Last week, Anitra and I attended both the Dev/Nexus conference and its companion conference, Advantage, an AI conference for CTOs, CIOs, VPs of Engineering, and other technical lead-types, which took place the day before Dev/Nexus. My thanks to Pratik Patel for the guest passes to both conferences!
I took copious notes and photos of all the Advantage talks and will be posting summaries here. This set of notes is from the third talk, Language Stacks and Gen AI, presented by Rod Johnson.
Rod is a developer, author, investor and entrepreneur. He has authored several best-selling books on Java EE. He is the creator of the Spring Framework and was cofounder and CEO of SpringSource. He has served on the board of Elastic, Neo Technologies, Apollo, Lightbend and several other successful companies. He is presently developing a structured RAG system using Spring and Kotlin.
And here’s the abstract of his talk:
Python is the language of data science and dominant in AI research. However, it is not the language of enterprise apps, and there are good reasons for this. In this session, Rod will discuss when to use what language and stack for AI success in enterprise. He’ll discuss the key adjacencies for success: LLMs, existing data and business logic, and how to choose what language, stack and framework for a particular problem.
My notes from Rod’s talk are below.
Your existing enterprise systems are an asset, not a liability
Rod opened with something that probably felt like a relief to many in the room: a clear-eyed argument that the overwhelming pace of AI change is not a reason to abandon what your organization has already built. Enterprise systems represent years of accumulated business logic, domain knowledge, and battle-tested reliability. These things change slowly, and in this case, the cliche is true: that’s not a bug, but a feature. The pressure to throw out existing applications and start fresh with AI-native rewrites is, in Rod’s view, is not just misguided, but reckless.
He was equally direct about the organizational risk of letting AI enthusiasm displace experienced people.

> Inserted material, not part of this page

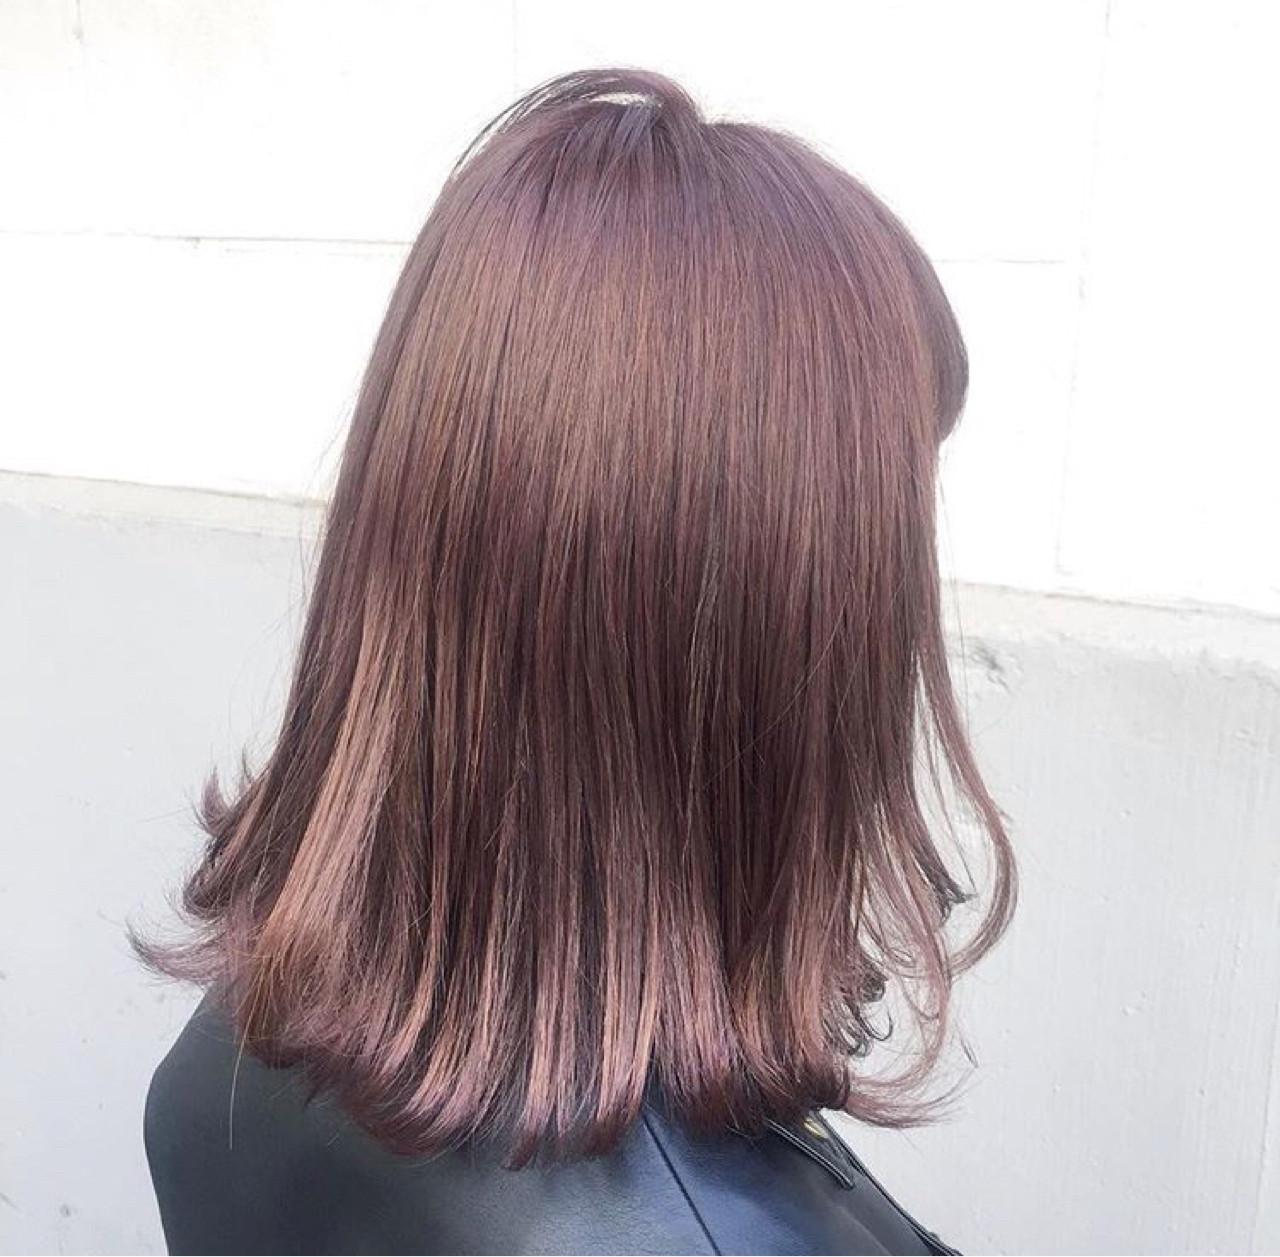 紫のヘアカラー特集♡甘ずっぱいベリーのような愛されヘアにの2枚目の画像

Every major technology wave produces a class of self-declared experts who rush in and crowd out the engineers who actually understand the business. Domain expertise doesn’t get replaced by a new framework. Instead, it gets more valuable, because it’s the thing that makes AI systems accurate and useful rather than fluently wrong.

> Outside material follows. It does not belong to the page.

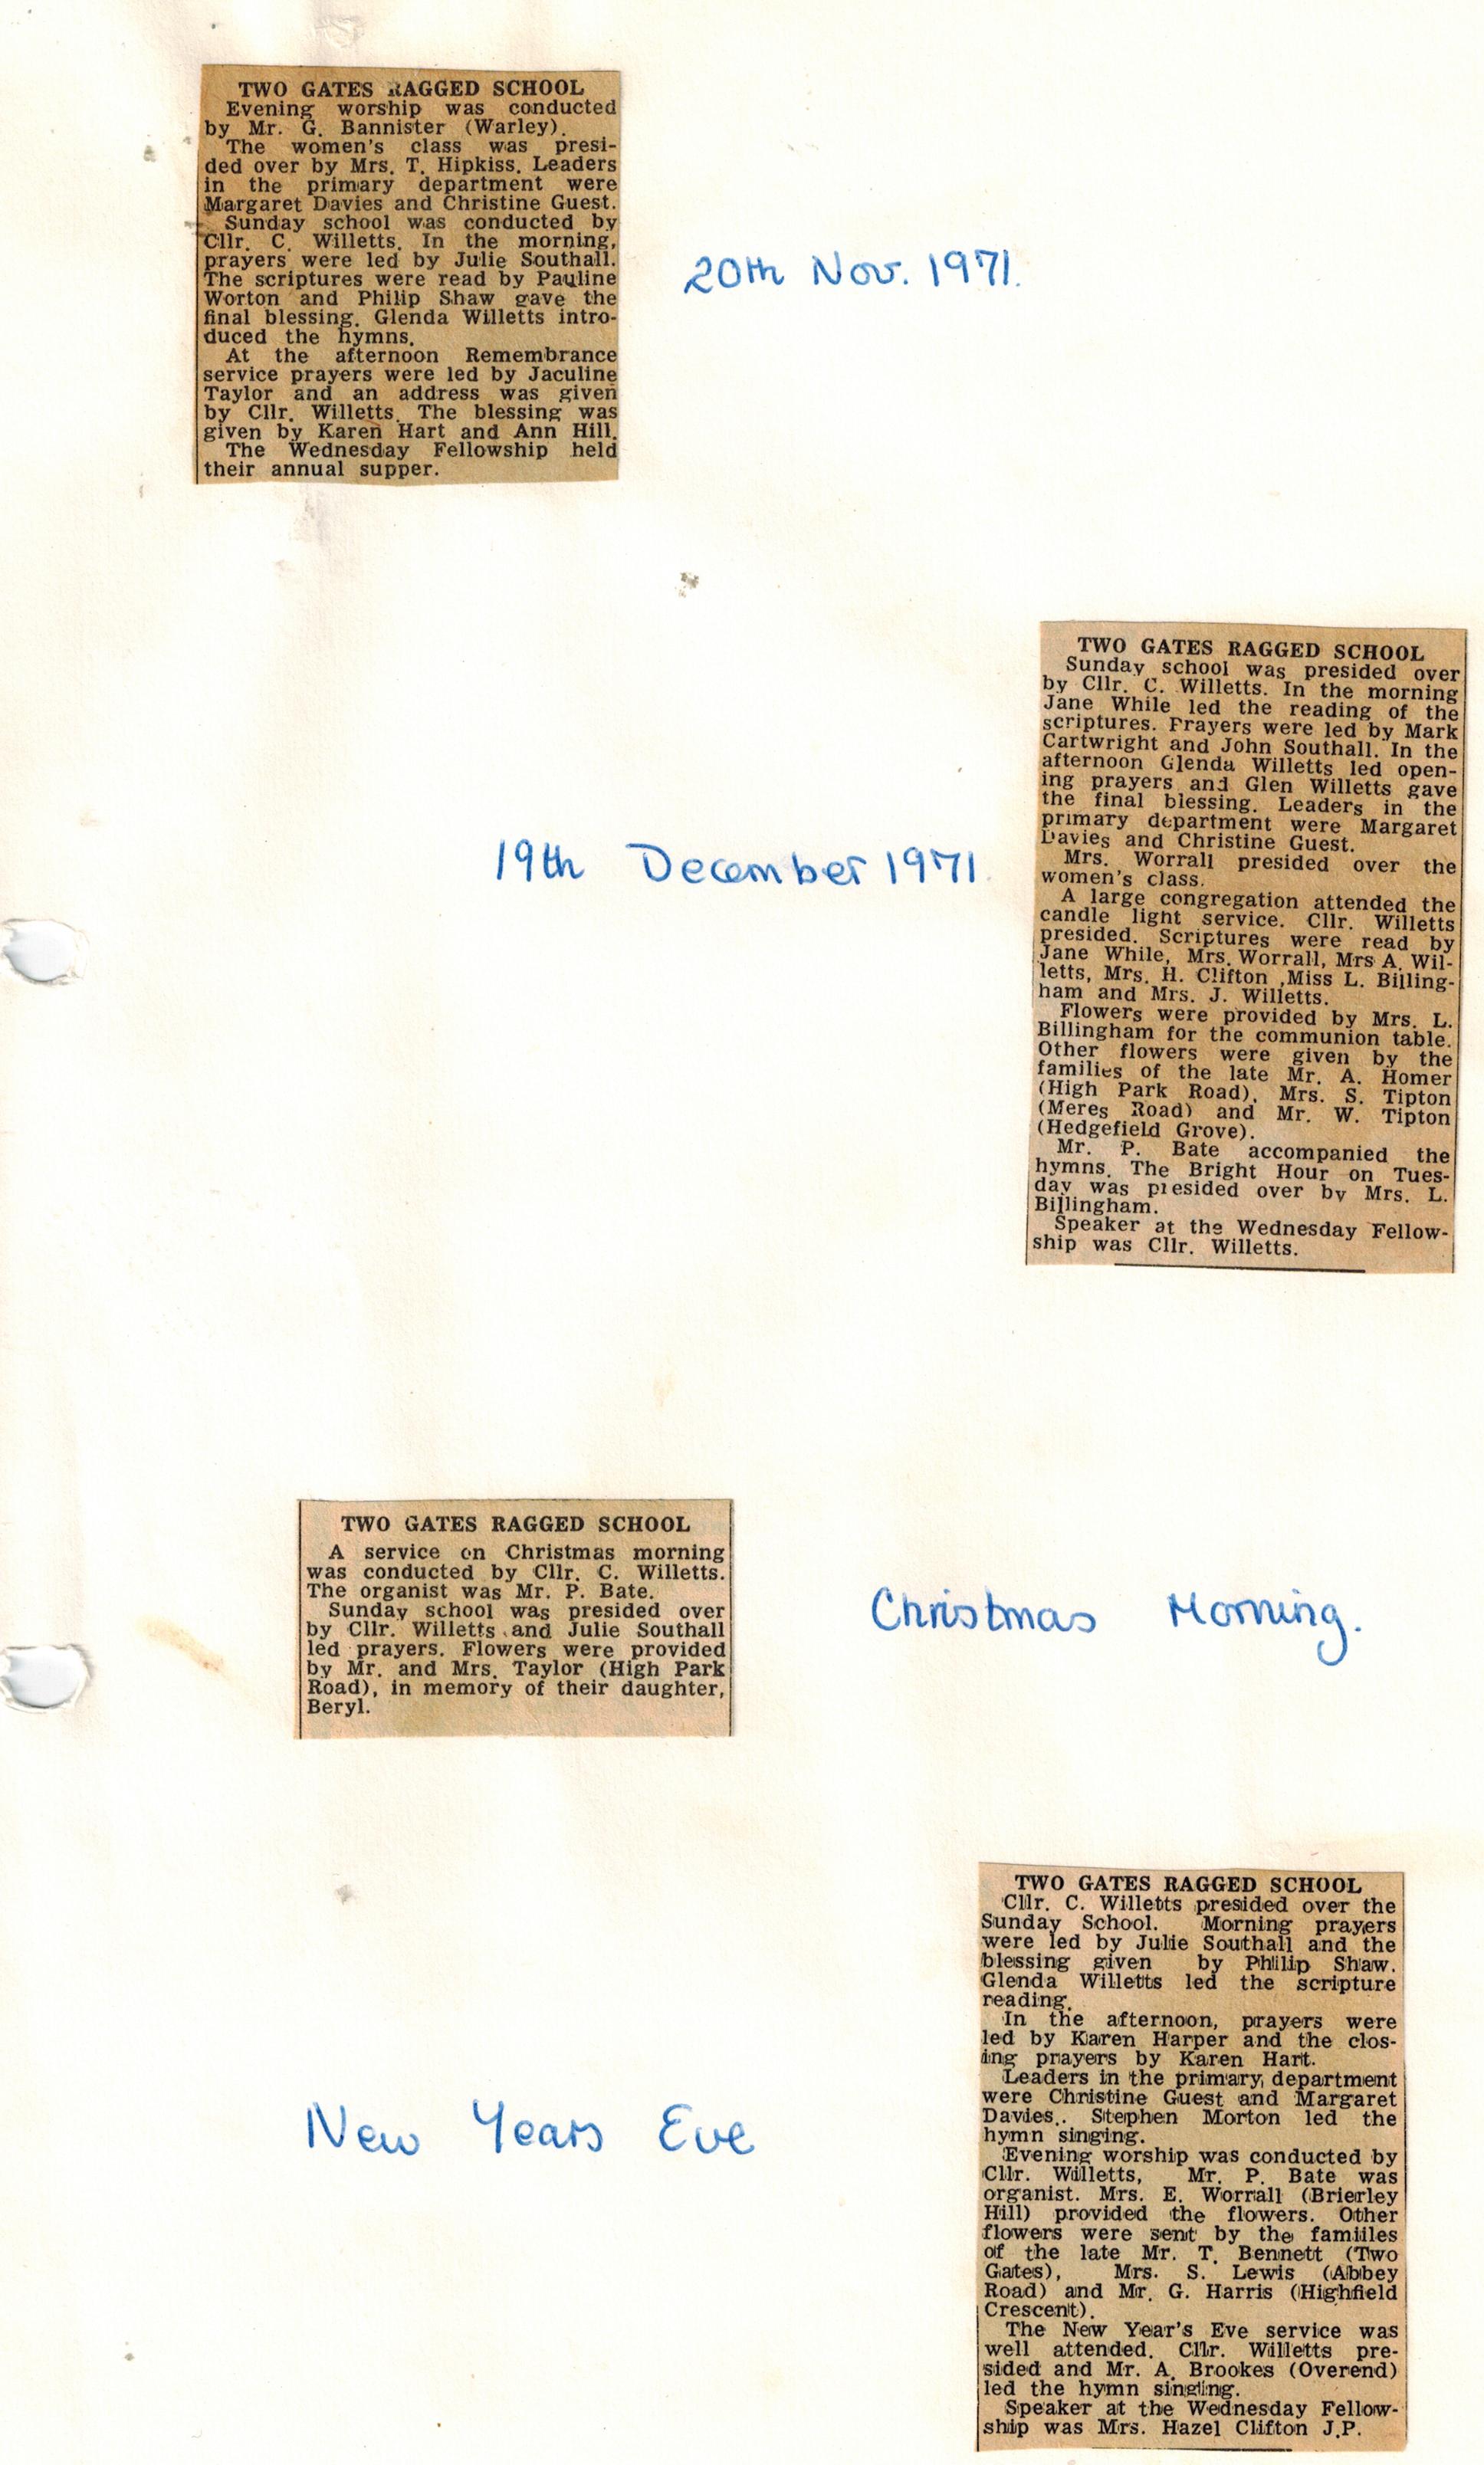 O061_PRESS-Cuttings_Nov-Dec-1971]

The message to leaders was clear: protect your people, and make sure your AI strategy grows out of your existing institutional knowledge rather than treating it as an obstacle.
Personal assistants and business processes are fundamentally different. Stop conflating them.
One of the sharpest distinctions in Rod’s talk was between AI as a personal productivity tool and AI embedded in enterprise business processes. The personal assistant category (for example: chatbots, coding agents, tools like Cursor) operates under forgiving conditions. If a coding agent produces bad output, a developer catches it before it reaches production. The feedback loop is tight, human oversight is immediate, and the cost of failure is manageable. This is why maximizing agent autonomy makes sense in that context.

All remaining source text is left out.